Vendor compromise was a familiar pattern. Attackers rarely targeted large companies directly when they could approach from the outside through smaller partners. Supply chains created convenient doors if someone knew where to look.
Daniel brought up another screen.
"We notified Skirex security," he said. "Their team is investigating internally, but they’re about twenty minutes behind where we are."
"That’s expected," Ari said calmly.
Another analyst called out from the back row. "New telemetry just came in."
One of the large wall displays shifted.
The authentication attempts had increased.
The pattern was clearer now. Someone inside the Skirex environment was probing outward, testing connections, looking for a pathway that responded differently from the others.
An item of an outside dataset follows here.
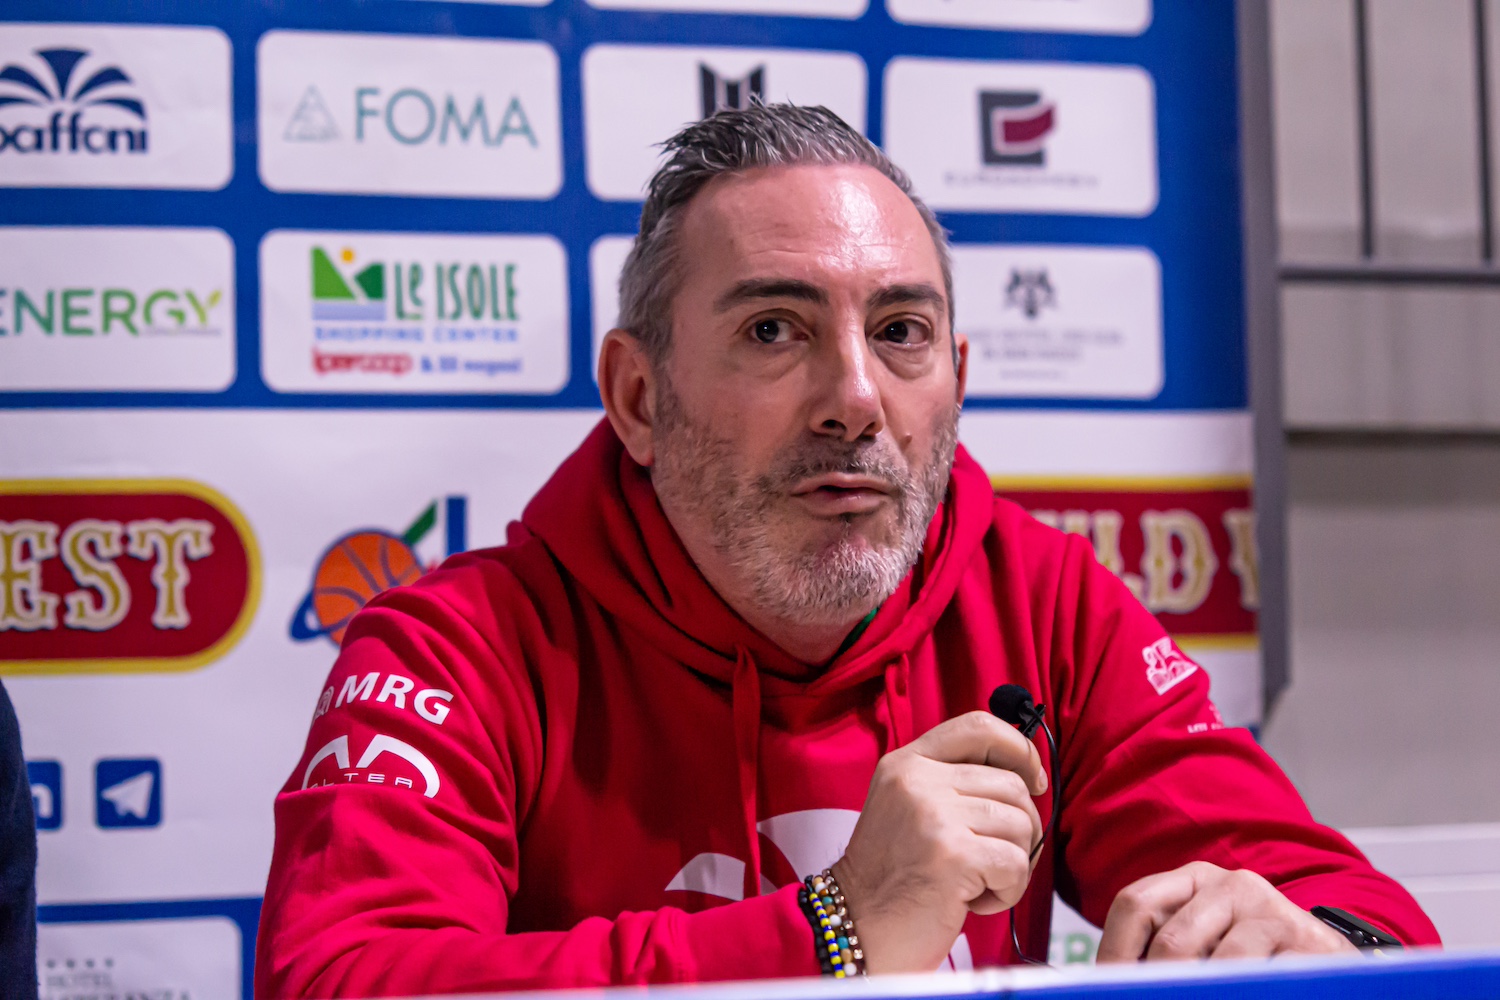 Presentazione coach Riccardo Eliantonio: “Voglio facce cattive e determinate”

Ari watched it unfold without visible concern.
Marcus’s earlier question echoed faintly in his mind.
How do you know your systems actually work?
The answer was simple.
You watch them under pressure.
Daniel looked up from his console. "We’re preparing containment rules on the vendor gateway. If they manage to authenticate, we can lock the connection down immediately."
"Good," Ari said.
Another alert chimed softly somewhere in the room.
Then another.
Daniel frowned slightly and checked a different panel on his display.
"That’s odd."
"What is?"
"That activity spike triggered a flag with the SUW team."
Ari’s gaze shifted toward a row of desks positioned slightly apart from the rest of the SOC.
The Security Unconventional Warfare unit operated inside the SOC but rarely participated in routine monitoring. Their role was different.
Where the SOC detected and responded, SUW studied adversaries. Patterns. Behavior. Strategy.
When necessary, they also disrupted.
One of the SUW operators was already standing, staring at a scrolling set of telemetry feeds across three monitors.
A moment later, a message appeared on Ari’s tablet.
SUW Alert
Enemy activity indicators detected
Disruption operations initiating
Daniel looked over at him. "Did they just…?"
Ari read the message once.
"Yes," he said calmly.
Across the room, the SUW operator typed a final command and leaned back slightly in his chair.
A second alert appeared on the SOC wall display.
SUW STATUS:
Disruption Operations Active
Ari watched the screens for another moment.
Then he spoke quietly, almost to himself.
"Well," he said, "that escalated quickly."